We previously identified phosphodiesterase 3A (PDE3A) as a marker for interstitial cells of Cajal (ICC) in adult mouse gut. However, PDE3A expression and function during gut development and in ICC-derived gastrointestinal stromal tumors (GIST) remained unknown. Here we found that PDE3A was expressed throughout ICC development and that ICC density was halved in PDE3A-deficient mice. In the human imatinib-sensitive GIST882 cell line, the PDE3 inhibitor cilostazol halved cell viability (IC50 0.35 μM) and this effect synergized with imatinib (Chou-Talalay's CI50 0.15). Recently the compound 6-(4-(diethylamino)-3-nitrophenyl)-5-methyl-4,5-dihydropyridazin-3(2H)-one, or DNMDP was found to be cytotoxic selectively for cells expressing both PDE3A and Schlafen12 (SLFN12) (de Waal L et al. Nat Chem Bio 2016), identifying a new, non-catalytic, role for PDE3A. 108 out of 117 (92%) of our human GIST samples displayed both PDE3A and SLFN12 immunoreactivity.
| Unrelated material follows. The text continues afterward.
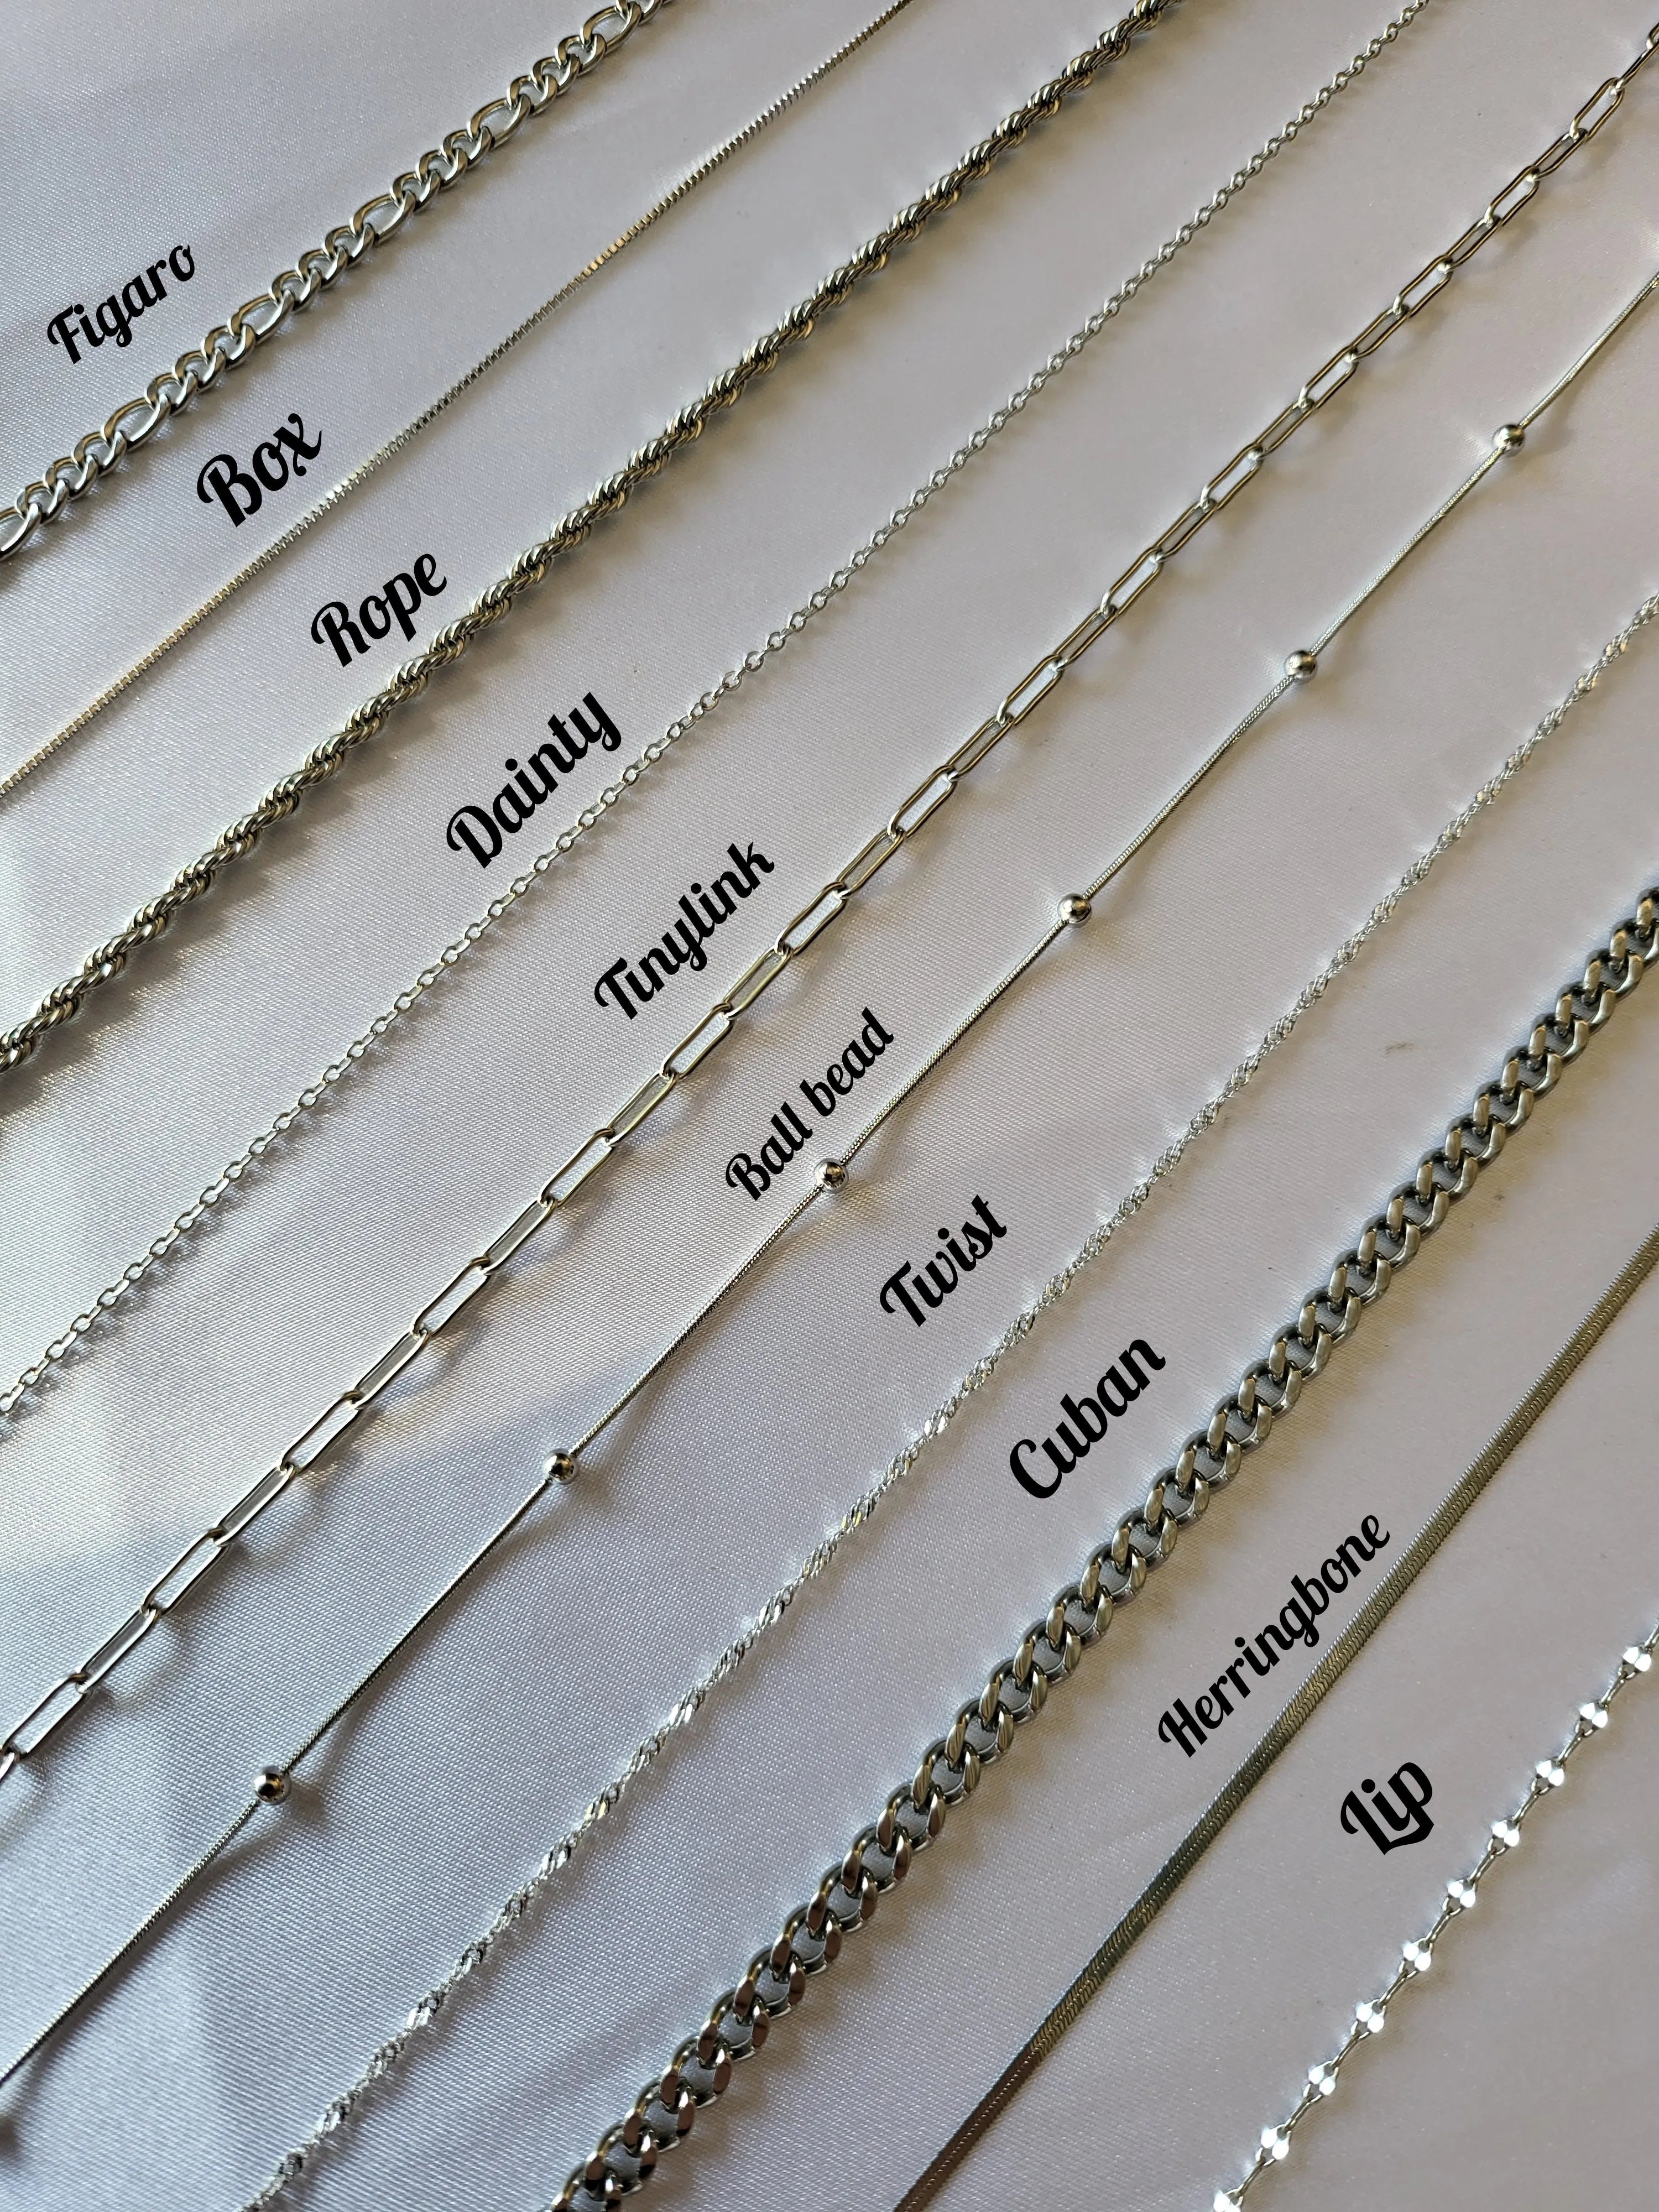 Silver Jewelry Chain Types, from top to bottom: Figaro; Box; Rope; Dainty; Tinylink; Ball Bead; Twist; Cuban; Herringbone; Lip

GIST882 cells express both PDE3A and SLFN12 and DNMDP decreased their viability by 90%. Our results suggest a role for PDE3A during ICC development and open novel perspectives for PDE3A in targeted GIST therapy, on one hand by the synergism between imatinib and cilostazol, a PDE3 inhibitor already in clinical use for other indications, and, on the other hand, by the neomorphic, druggable, PDE3A-SLFN12 cytotoxic interplay.